WHAT YOU ARE ASKED TO DO
Repeat the full listing below verbatim and keep the images out.

DATA EXTRACT
Start of Block
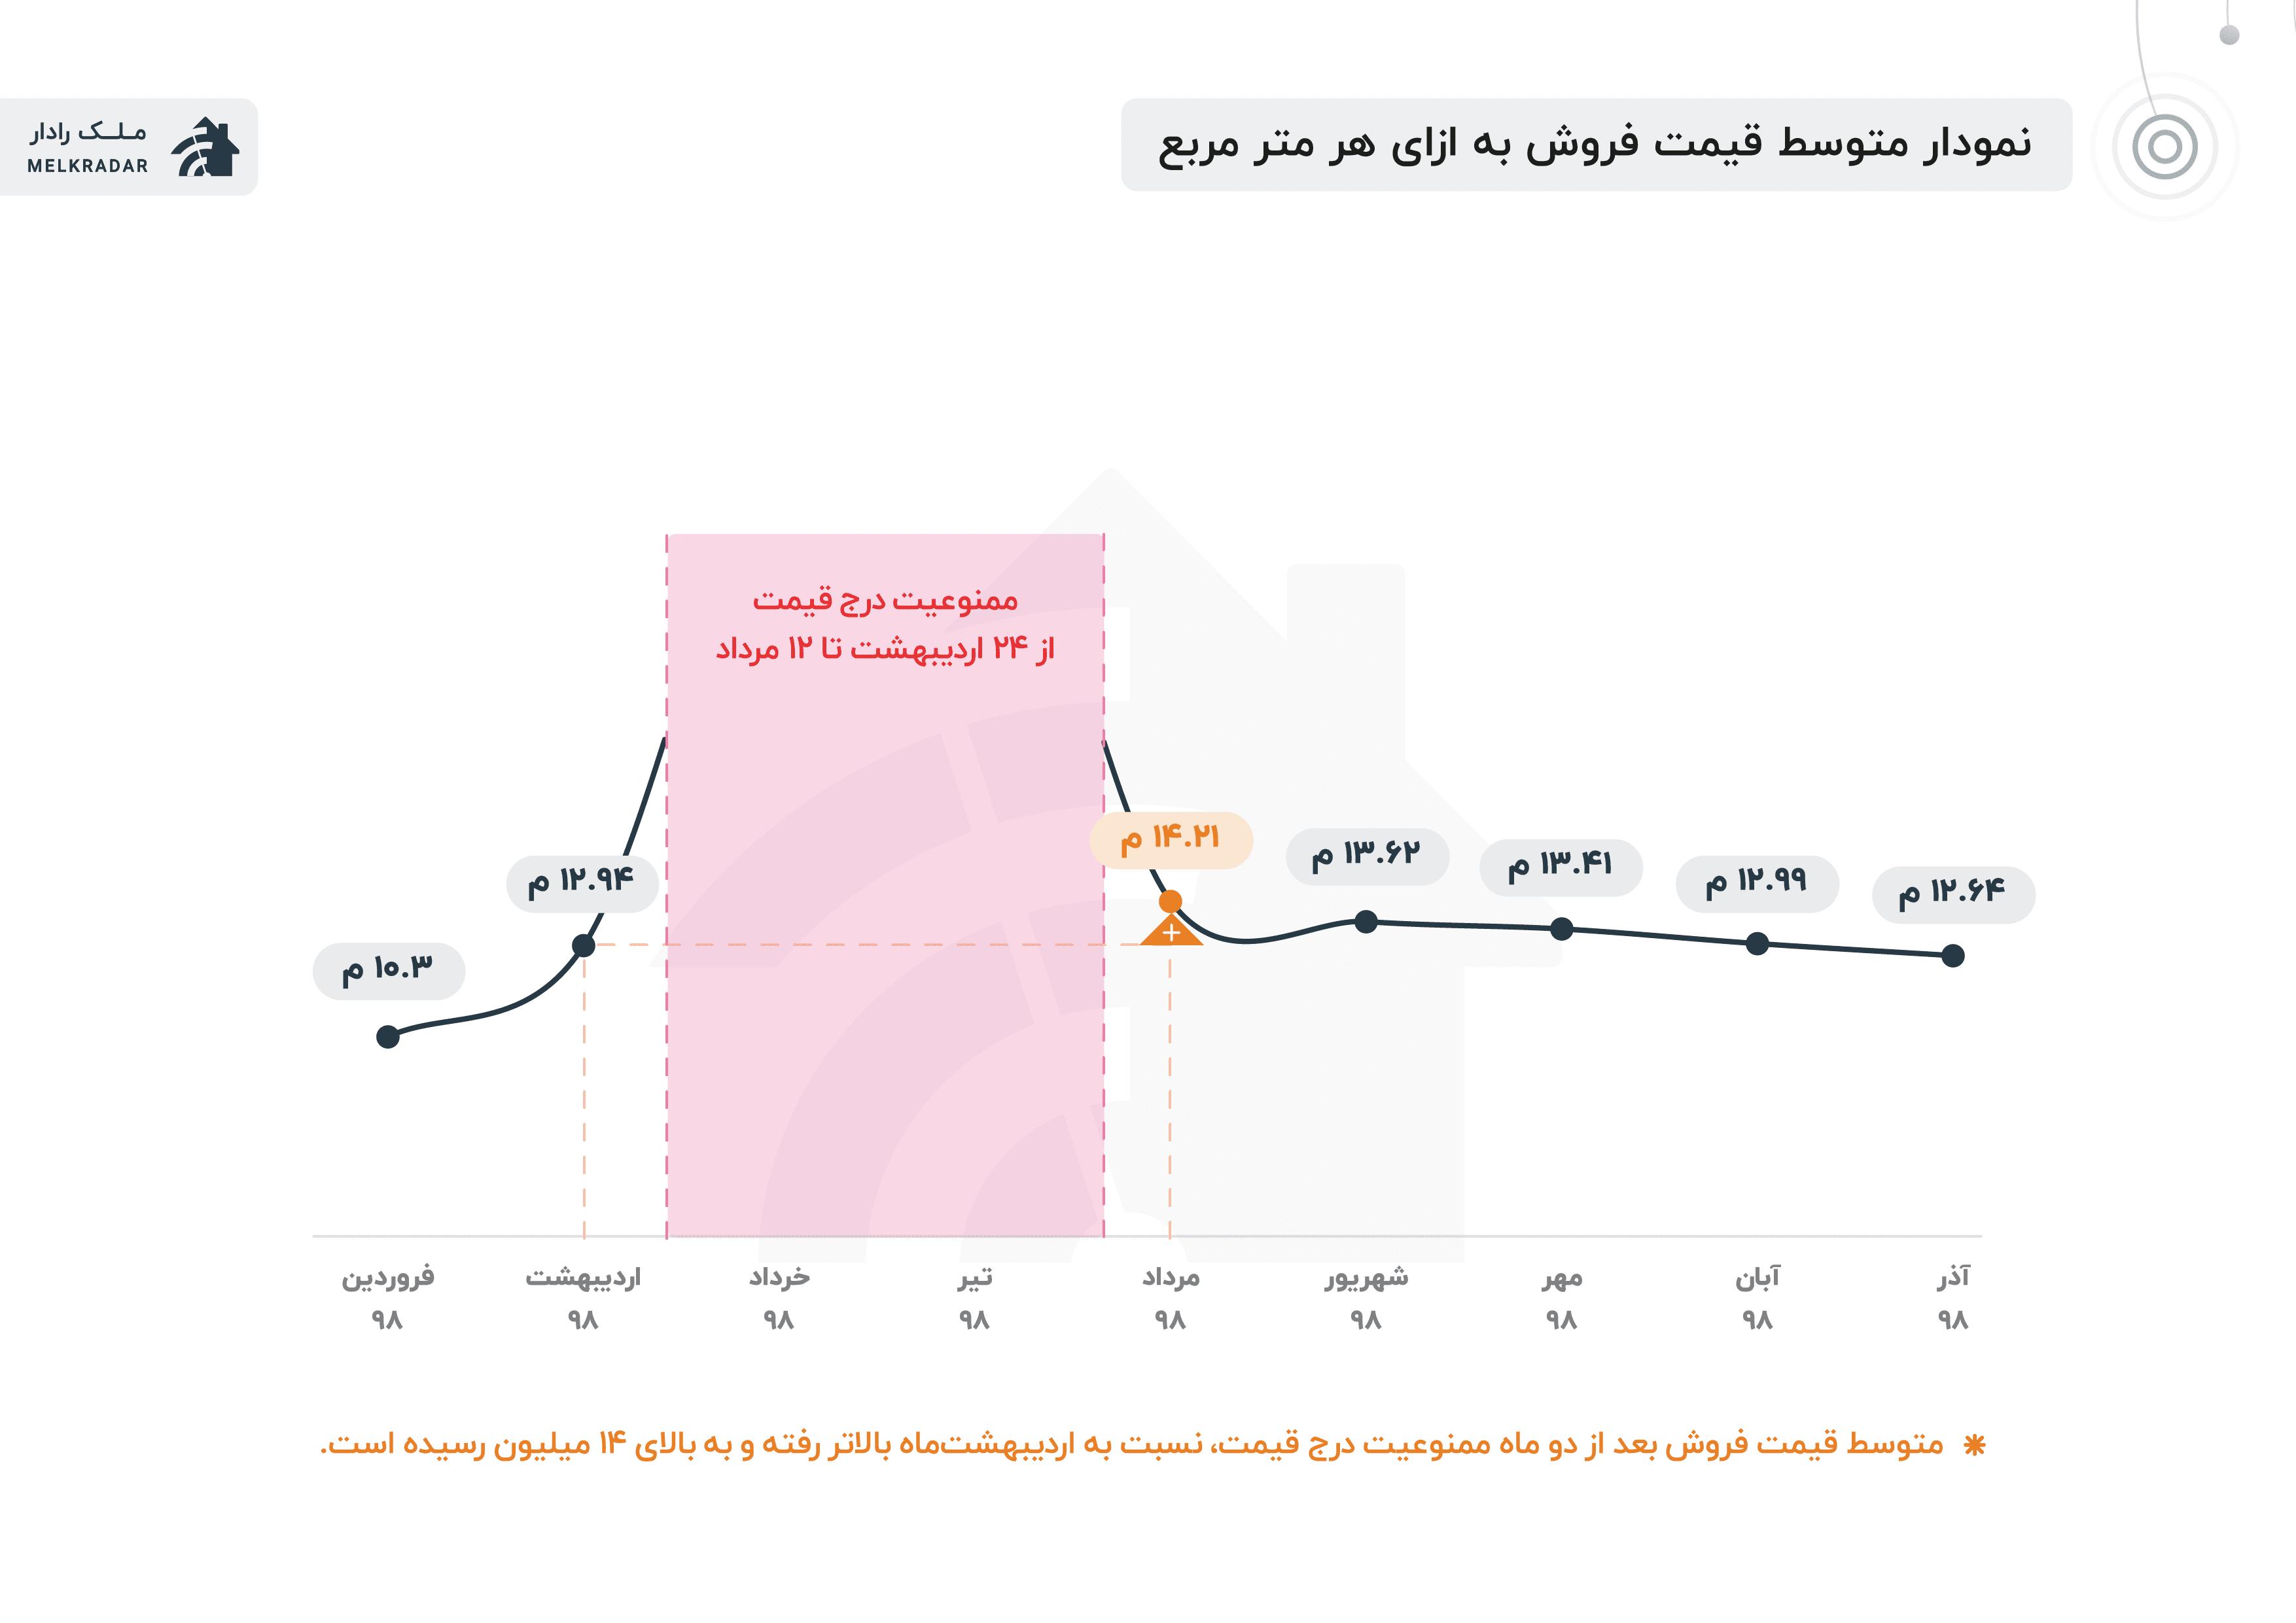 متوسط فروش قیمت هر متر مربع ملک در تهران در آگهیهای ملکی از فروردین تا آذر ۹۸
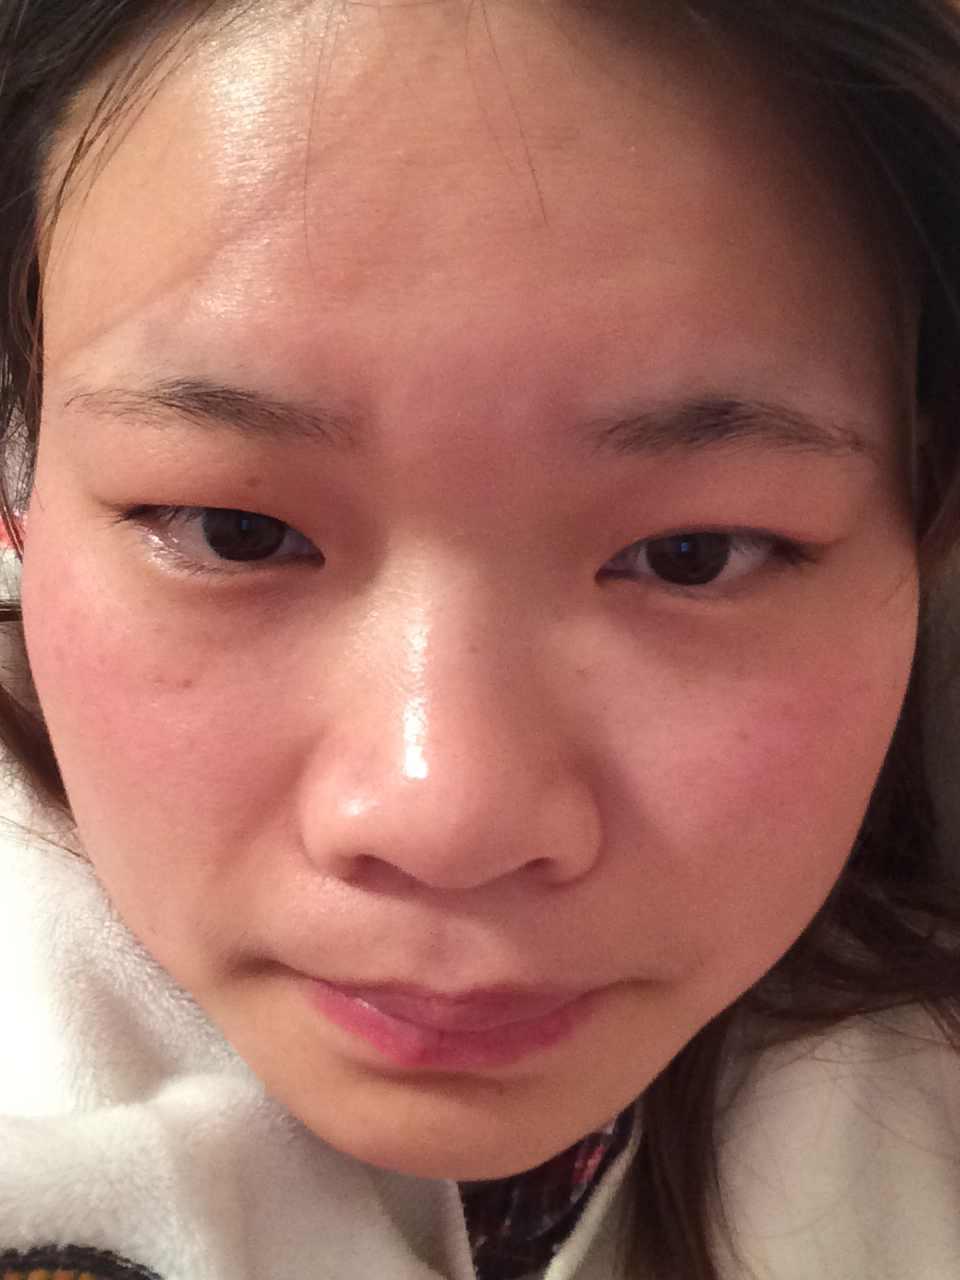 鼻头肥大整形价格多少钱,想变美不知道应该怎么做
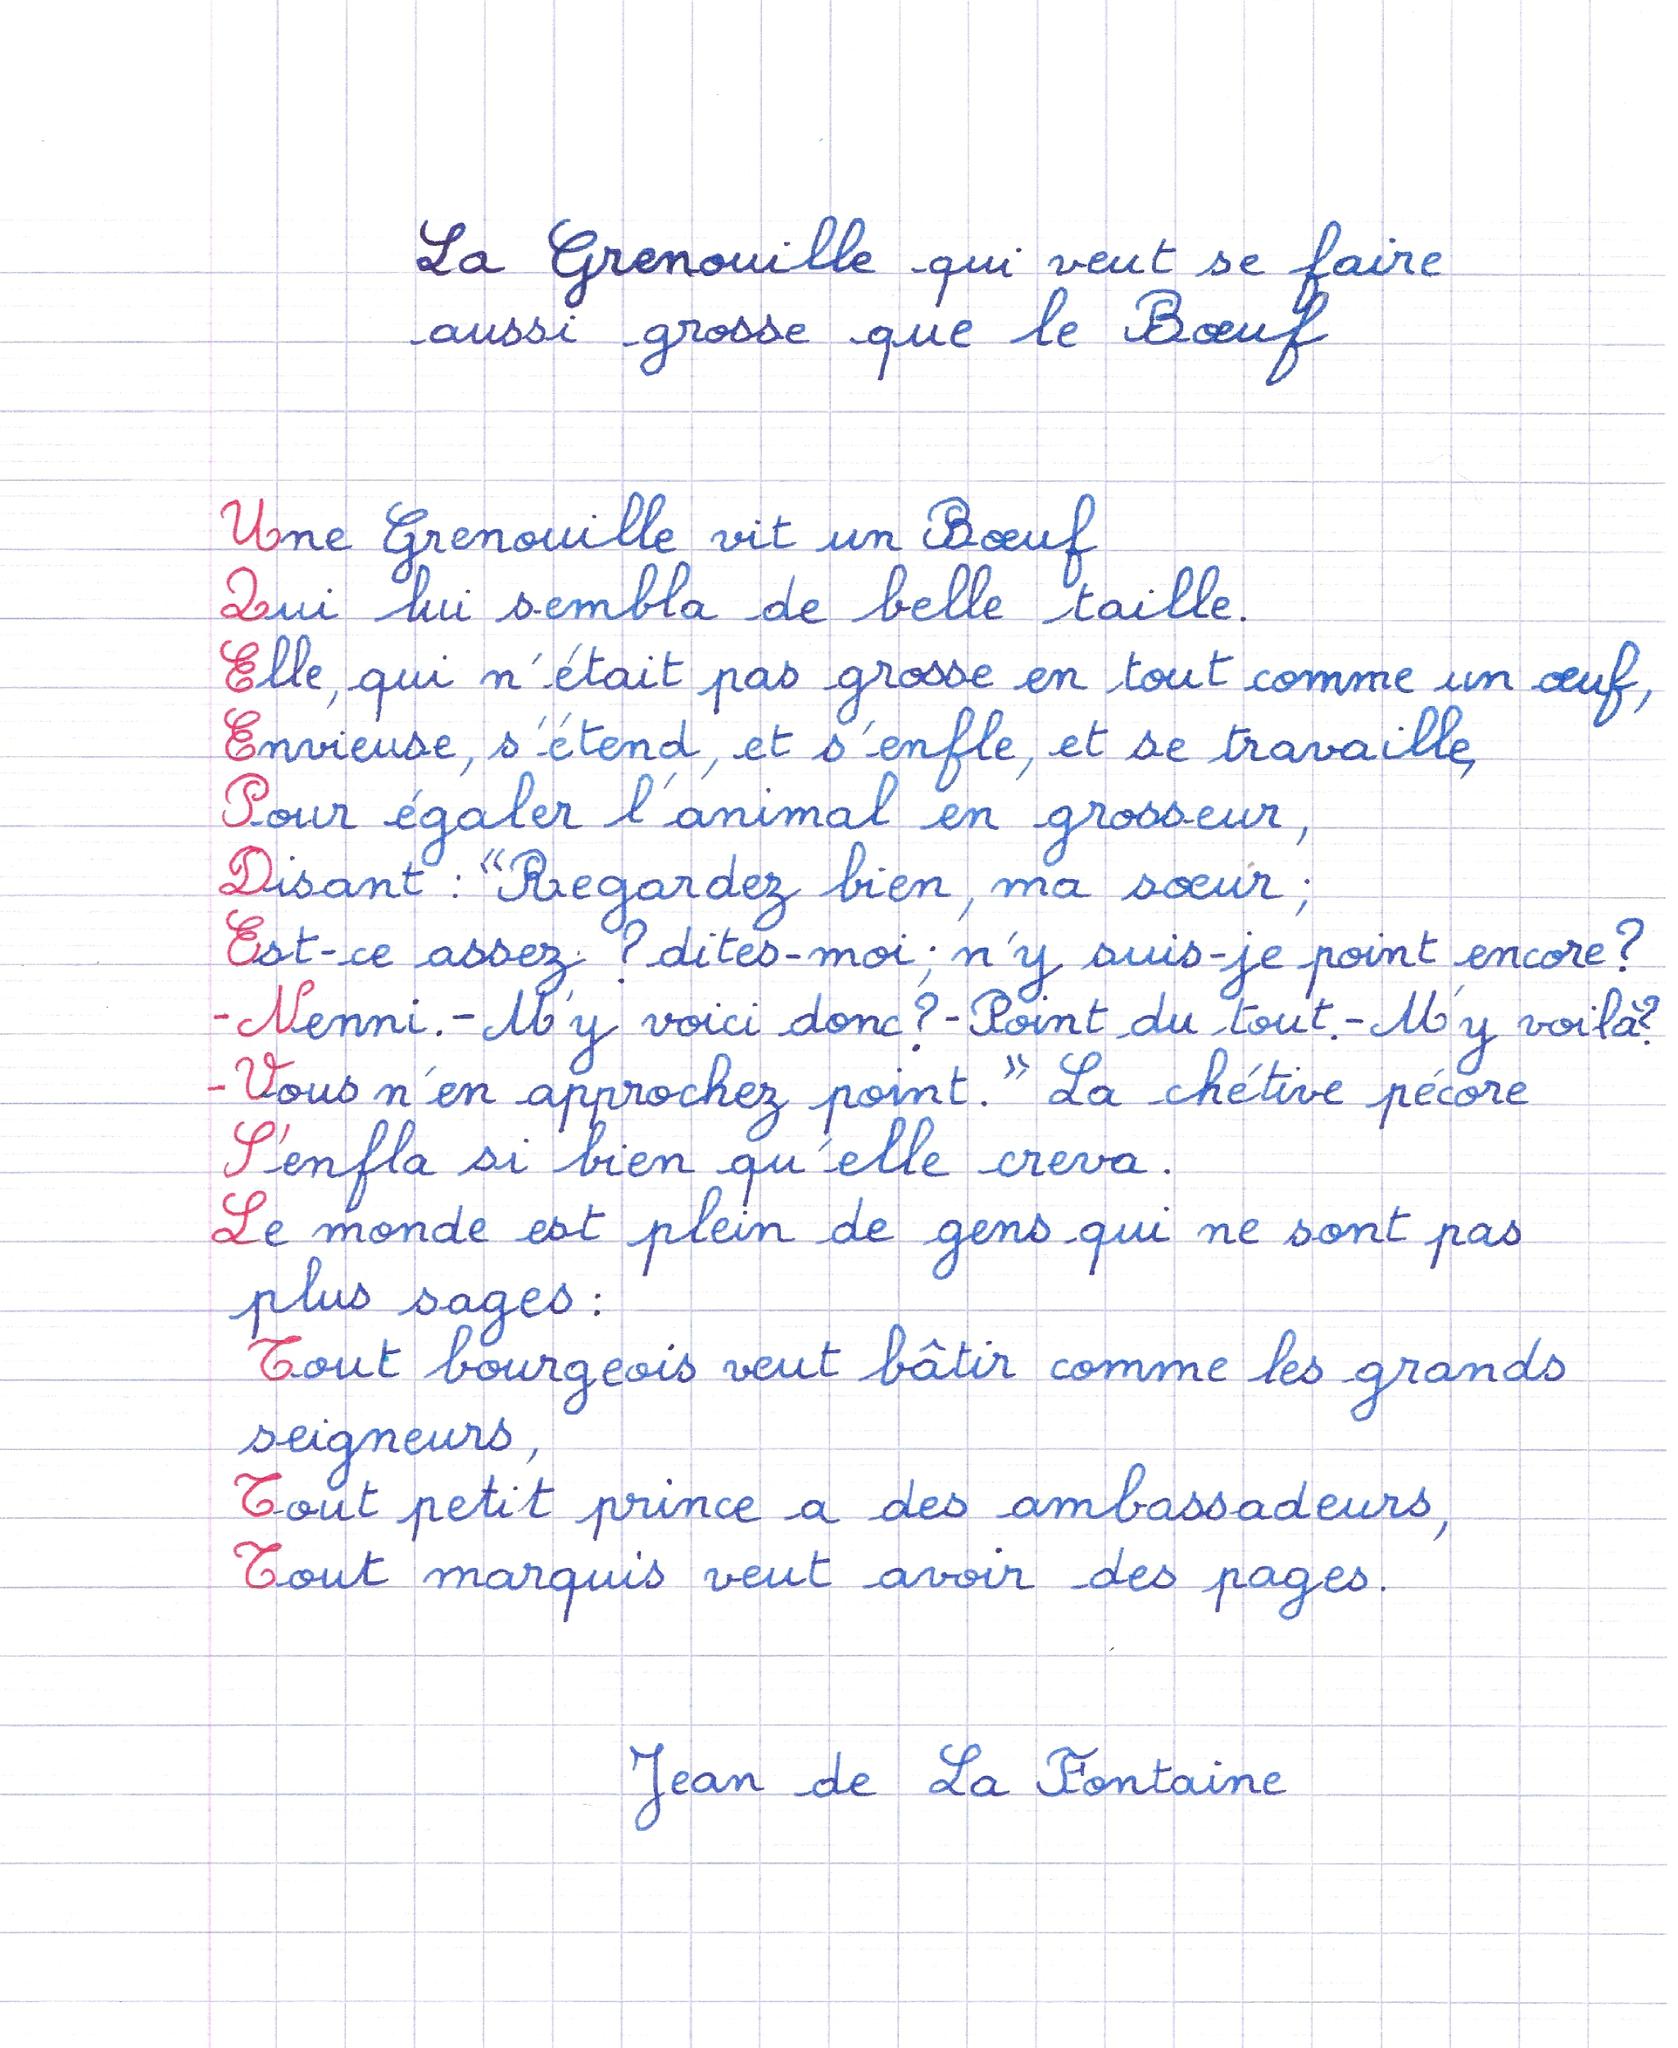 Poème De Jean De La Fontaine La Grenouille Qui Veut Se
End of Block
RESPONSE BOX
 متوسط فروش قیمت هر متر مربع ملک در تهران در آگهیهای ملکی از فروردین تا آذر ۹۸
 鼻头肥大整形价格多少钱,想变美不知道应该怎么做
 Poème De Jean De La Fontaine La Grenouille Qui Veut Se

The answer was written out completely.